Egypt’s central bank is expected to lower interest rates this week, with analysts forecasting a significant reduction aimed at supporting growth as inflation continues to cool.
The Central Bank of Egypt (CBE) will hold its Monetary Policy Committee meeting on Thursday, August 28, where it is widely anticipated to cut its benchmark rates by 100 basis points. The move would bring the overnight deposit rate down to 23% and the lending rate to 24%, from their current levels of 24% and 25%, respectively.
The projection is based on the median forecast of eight economists surveyed, who believe a rate cut is likely given recent economic indicators. Aya Zoheir, an economist at financial consultancy Zilla Holding, explained that both inflationary pressures and currency stability have created room for monetary easing.
“Inflation has been declining while the Egyptian pound is strengthening against the U.S. dollar, supported by government initiatives to lower commodity prices and the stability of energy prices,” Zoheir said, noting that the U.S. Federal Reserve is also expected to cut rates in September.
According to data from CAPMAS, Egypt’s statistics agency, annual urban consumer inflation dropped to 13.9% in July from 14.9% in June.
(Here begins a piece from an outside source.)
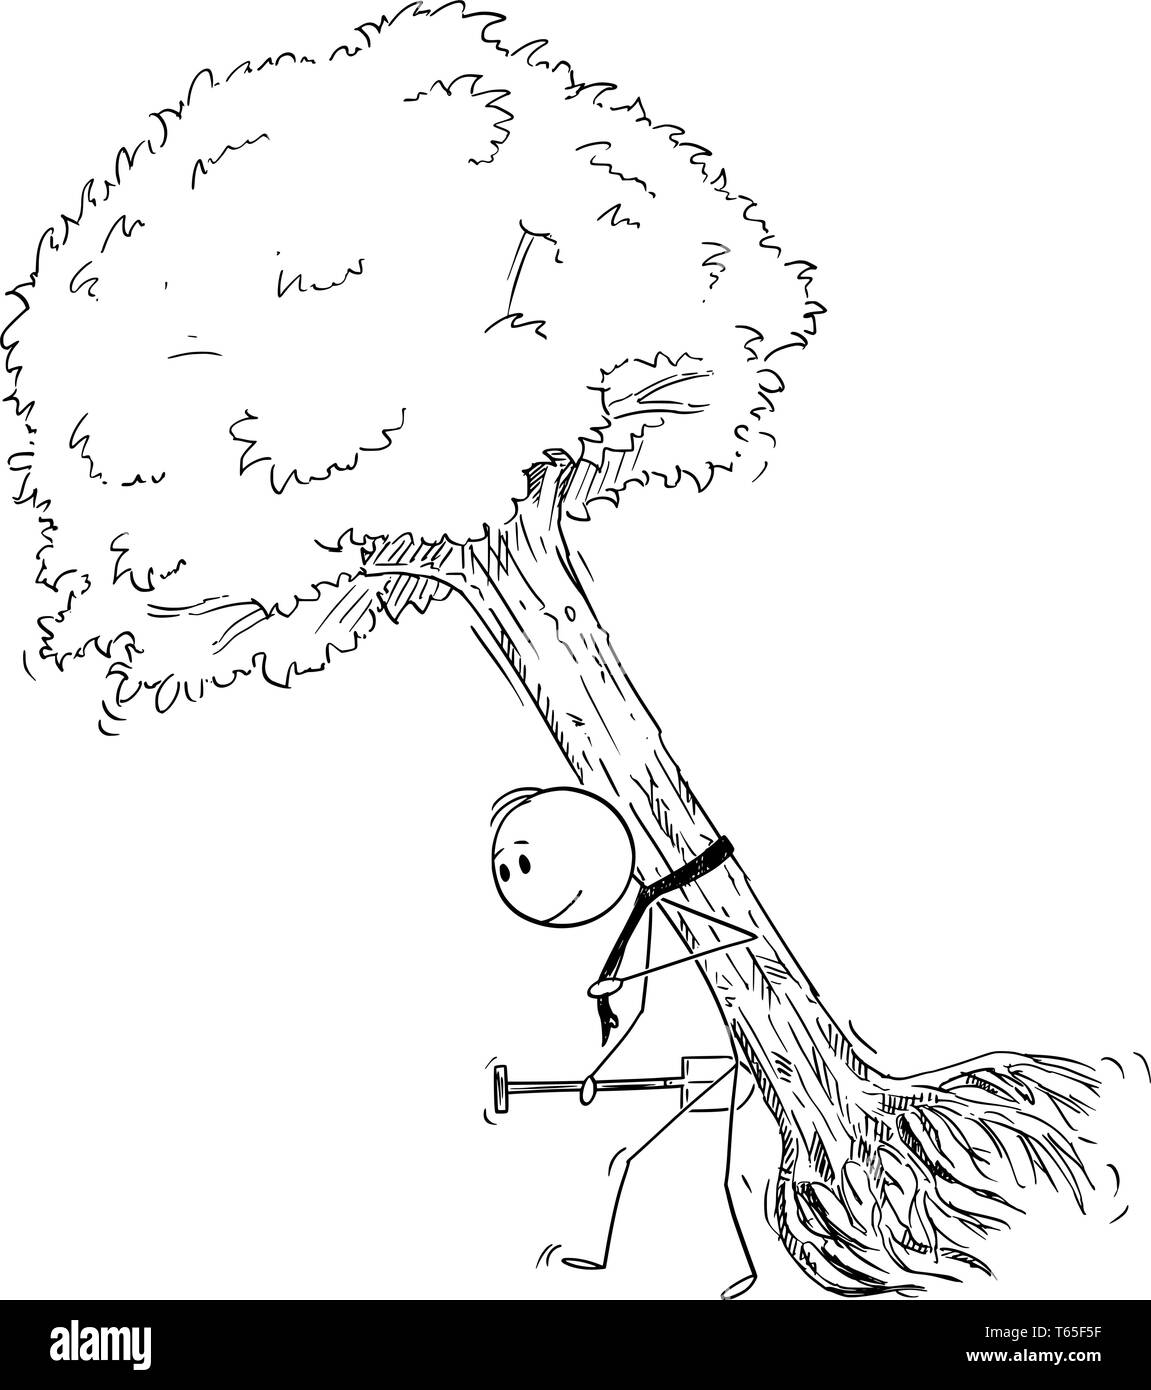 Cartoon Strichmannchen Zeichnen Konzeptionelle Darstellung Der Mann Der Grosse Baum Zu Pflanzen Natur Okologie Und Umwelt Konzept Stock Vektorgrafik Alamy

The decrease was largely driven by lower prices of meat, poultry, fruits, and vegetables. Monthly inflation also slipped by 0.5%. However, the central bank reported that core inflation edged slightly higher, rising to 11.6% from 11.4%.
Zoheir believes this provides a clear opening for the central bank to act. “This paves the way for the CBE to cut interest rates by a conservative estimate of 1% or 2%,” she added.
Egypt’s Inflation Trends Shape Monetary Policy Shift
Inflation in Egypt peaked at a staggering 38% in September 2023 but has since been on a steady decline. In March 2024, with the support of an $8 billion International Monetary Fund (IMF) package, the CBE allowed the exchange rate of the Egyptian pound to be determined by market forces. At the same time, the bank sharply raised interest rates to counter the expected inflation surge following the devaluation.

Since April, the central bank has gradually shifted toward easing policy. On April 17, it cut rates by 225 basis points, followed by another 100-point reduction on May 22. This came after a steep hike on March 6, which coincided with the sharp currency adjustment.
However, in its most recent meeting on July 10, the central bank held rates steady, pausing its trend of reductions amid a temporary uptick in inflation.
While monetary policy appears to be moving toward easing, Egypt still faces formidable economic challenges. One of the most pressing issues is its mounting public debt. As of mid-2024, national government debt reached about $262 billion, with external debt recorded at $155.1 billion by the end of December 2024. The external debt-to-GDP ratio rose to 42.9%, up from 38.8% just six months earlier, highlighting the strain of increased borrowing alongside currency fluctuations and other macroeconomic pressures.
To tackle this heavy debt load, the government is pursuing a series of fiscal and structural reforms. Authorities have committed to achieving fiscal discipline by targeting a primary budget surplus of 4% of GDP by the 2025–26 fiscal year, compared to 3.5% in the previous year.
Efforts are also underway to reduce external debt by $1–2 billion annually. The government is diversifying financial instruments, issuing sukuk bonds, and expanding tax revenues without placing additional burdens on citizens.
Key measures being implemented include simplifying tax and customs procedures to encourage investment and lower production costs. At the same time, the government is boosting private sector contributions through tax incentives and facilitation packages.
In addition, authorities have set a public debt ceiling, aiming to bring the debt-to-GDP ratio down below 85% within the next few years. Spending priorities are also being recalibrated to focus on health, education, and infrastructure, sectors seen as critical to long-term growth.
These measures, aligned with IMF recommendations, reflect a broader strategy to ensure fiscal sustainability while navigating a difficult global and domestic economic environment.